Кухня у Рябинкина оказалась неожиданно большая и светлая с почти новой румынской мебелью, однако в раковине покрывалась налетом плесени гора немытой посуды. Прежде чем сесть за стол, Карим стряхнул с клеенки пару рыжих тараканов. Митя достал из холодильника продукты и стал проворно готовить.

– Я так подумал, тебя нужно свести с Андреем Андреичем Ниловым, первым замом министра. Эти вопросы в его компетенции, он, конечно, хапуга еще тот и попросит с тебя сумму приличную, но без него ты к этой бабе не прорвешься. Не обижайся, но за встречу с Ниловым я возьму с тебя сорок тысяч зеленых.

– Не вопрос, как только я получу первые бабки, принесу тебе сороковник.

– Не пойдет. Деньги мне нужны завтра, а послезавтра, во вторник, ты будешь обедать с Ниловым в его любимой харчевне «Конфетка».

Карим аж покраснел от такой наглости.

– Имей совесть, Рябинкин, где я до завтра найду столько денег?

– Обычно я беру деньги после того, как оказываю услугу. И это справедливо. Сейчас ситуация другая. Понимаешь, Карим, я на прошлой неделе в «Золотом погоне» на рулетке спустил шестьдесят тысяч. Двадцать своих и сорок мне дал в долг Нодари Кутаисский. Если до вторника не верну, считай, нет у тебя друга Рябинкина.

– Нет, Митя, здесь я тебе не помощник. Нет у меня таких денег, – сочтя дальнейшее продолжение разговора бессмысленным, Карим встал и распрощался, не дожидаясь обещанного омлета.

Вернувшись к себе, Карим сел у телевизора и стал анализировать ситуацию. «По крайней мере теперь я хотя бы знаю, кто может вывести меня на Дворникову, – размышлял он. – Но как попасть к этому Нилову? Здрасьте, я депутат Джандаров! Он и слушать не захочет. Принять, конечно, примет, а потом вежливо откажет. Нет, самому к нему соваться нельзя. Кто еще может меня ему порекомендовать?»

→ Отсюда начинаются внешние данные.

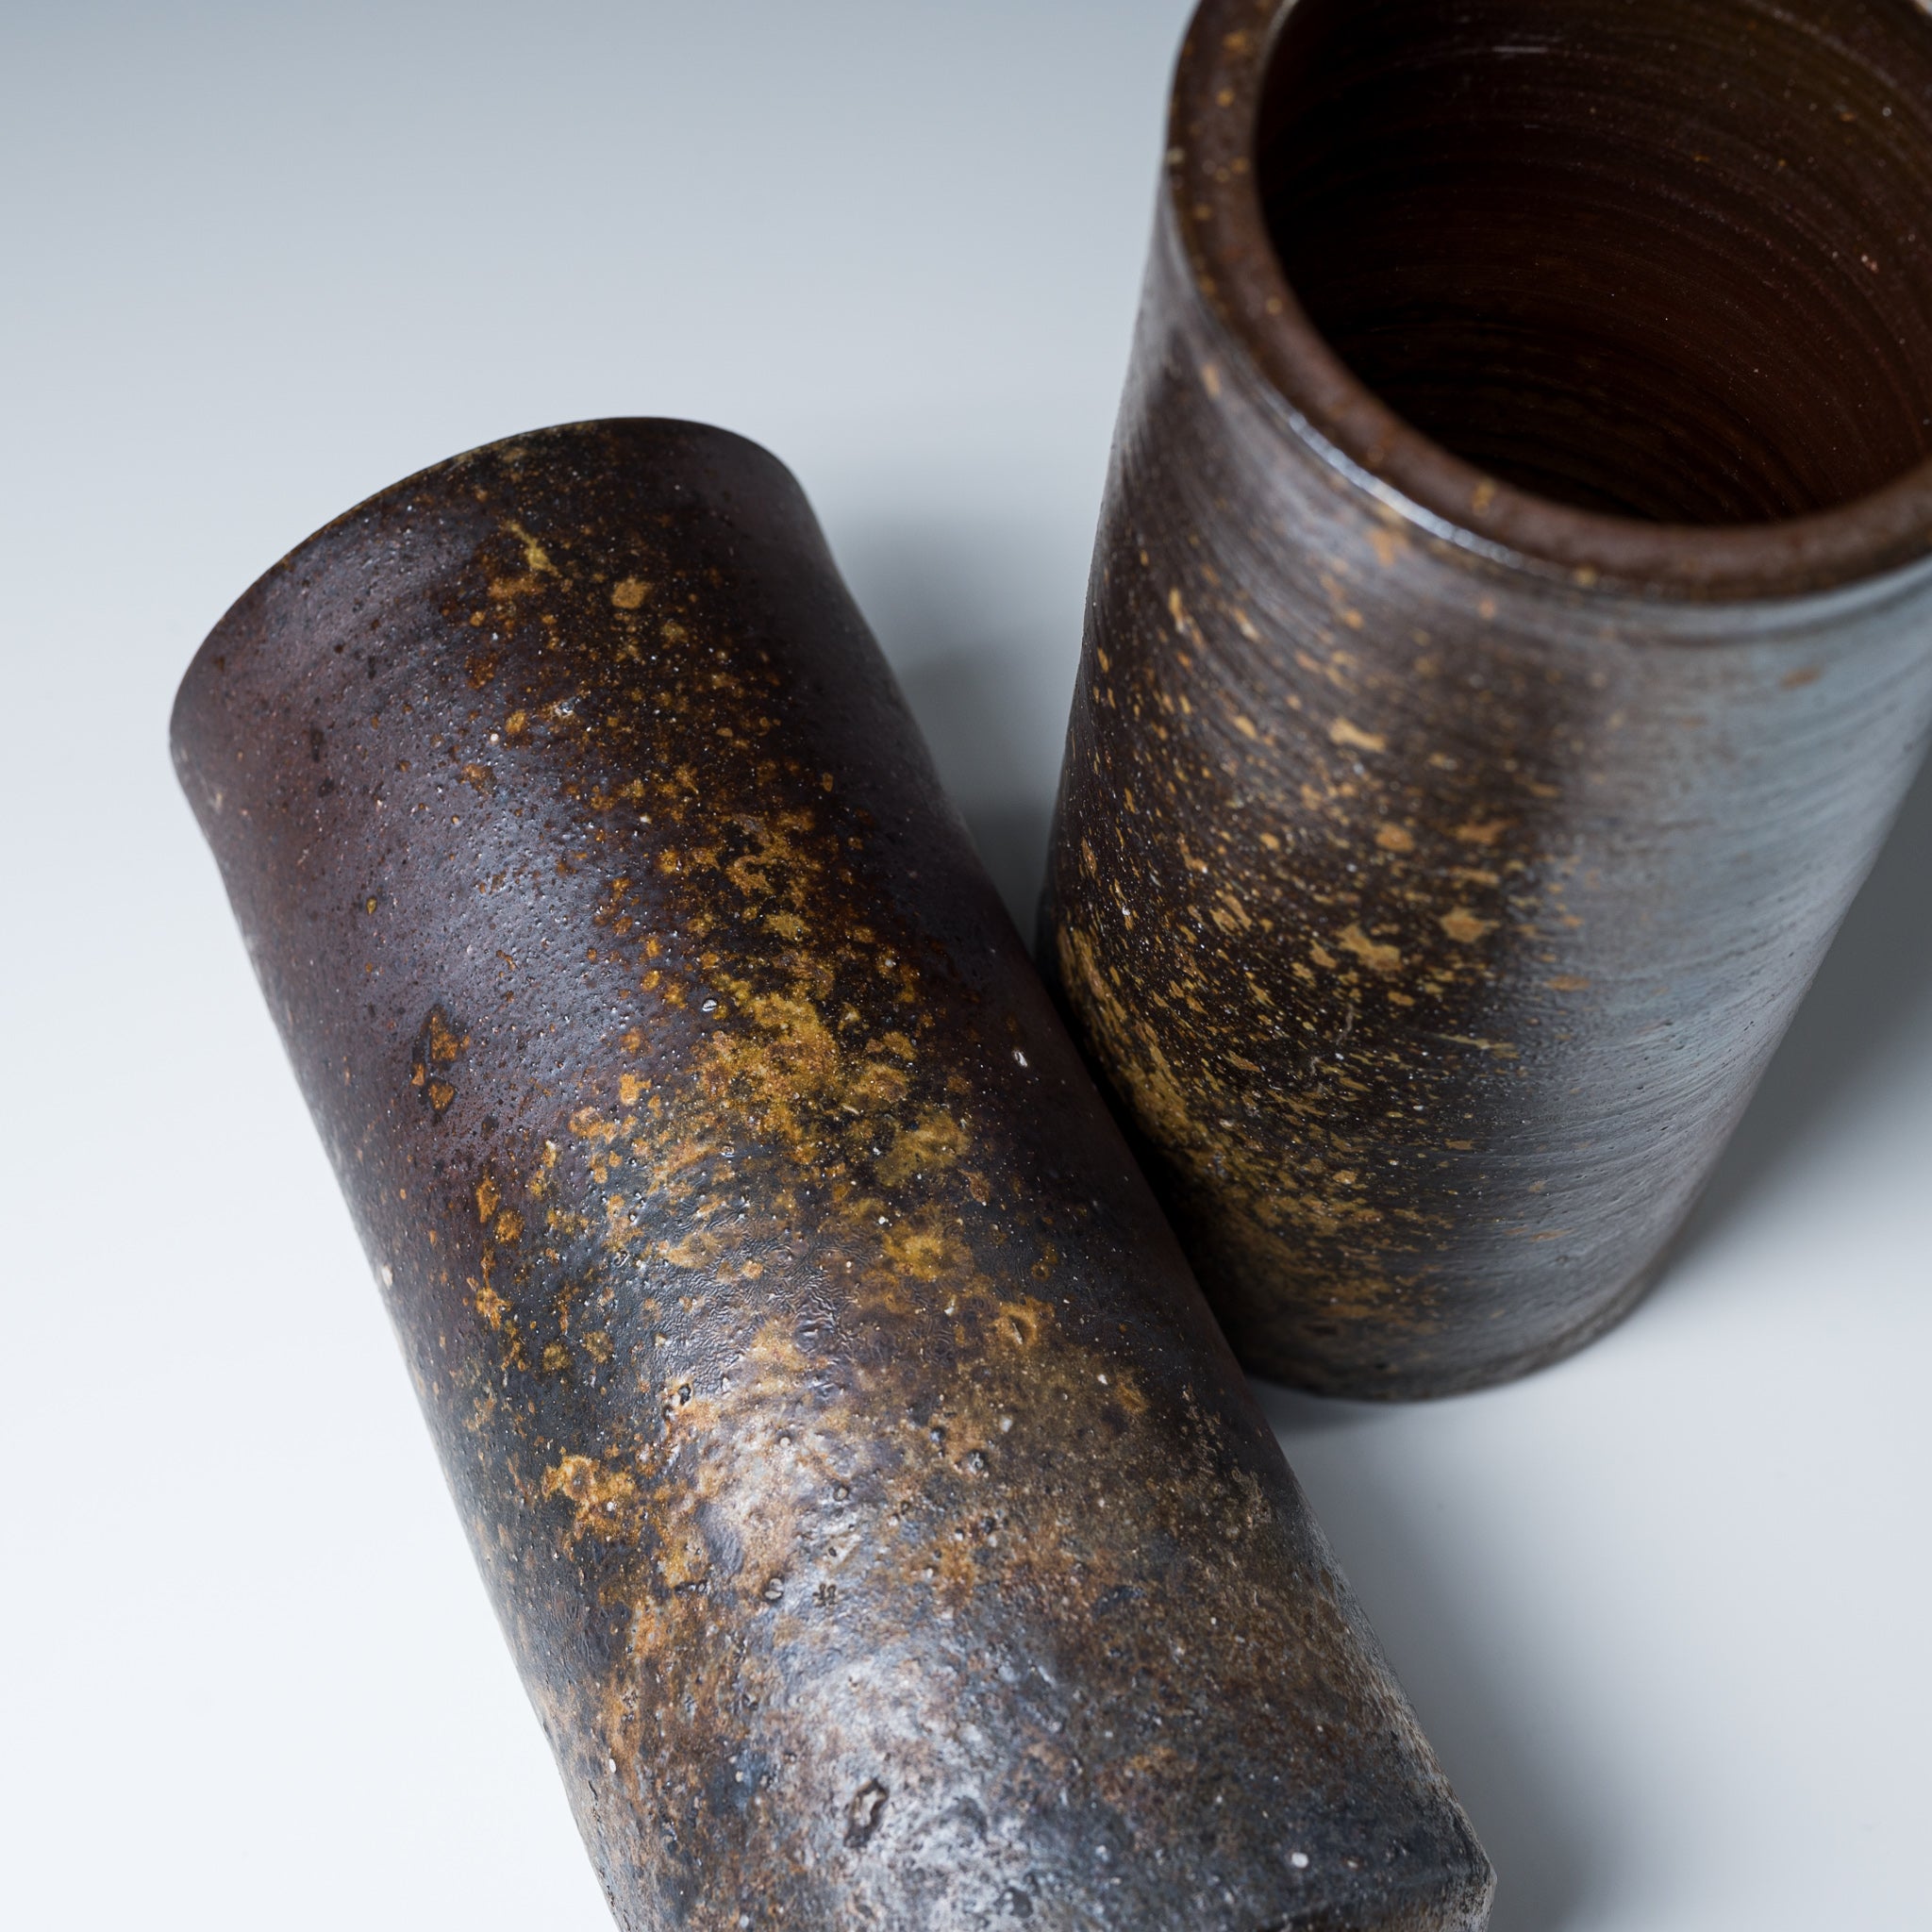 Bizen Pottery Vase with Wooden Box - Goma / 備前焼 花入

Два часа Карим перебирал кандидатуры. Сделал три звонка знакомым из Администрации Президента. С Ниловым никто связываться не хотел. Карим понял, что нужно искать деньги. Карина позвала ужинать. Ел он молча и без особого аппетита.

– Чем это ты так озабочен? – не выдержала жена.

– Да так, есть одна проблема. Не знаю, с какой стороны к ней подступиться.

– Ты эту проблему поручи маме, а сам сходи со мной в кино. Месяц уже нигде не была, – вступила в разговор Алина.

– А почему бы и нет? Собирайся, сходим в «Художественный», узнайте только, что там идет.

Дочка взвизгнула, вскочила из-за стола и, чмокнув Карима в ухо, бросилась собираться. Карина проводила ее взглядом и повернулась к мужу:

– А проблема?

– Да ерундовая! Нужно до завтра сорок тысяч долларов.

– Почему не пятьдесят?

– Потому что для дела нужно именно сорок!

– Ты уверен, что именно для дела?

– Нет, хочу себе виллу на Мальдивах купить. Ладно, пошел я. Алина лифт уже вызвала.

Через три часа они вернулись. Совершенно счастливая Алина и еще более угрюмый Карим.

– Неужели все так плохо? – Карина почему-то улыбалась.

– Представляешь, пока Алина смотрела фильм, я обзвонил всех махачкалинских друзей. Мне никто не отказал, но деньги обещали дать в лучшем случае через две недели. Я им говорю: мне не нужно через две недели, мне нужно завтра!!!

– А они?

– Извинялись. Нужны мне их извинения. Мне деньги нужны!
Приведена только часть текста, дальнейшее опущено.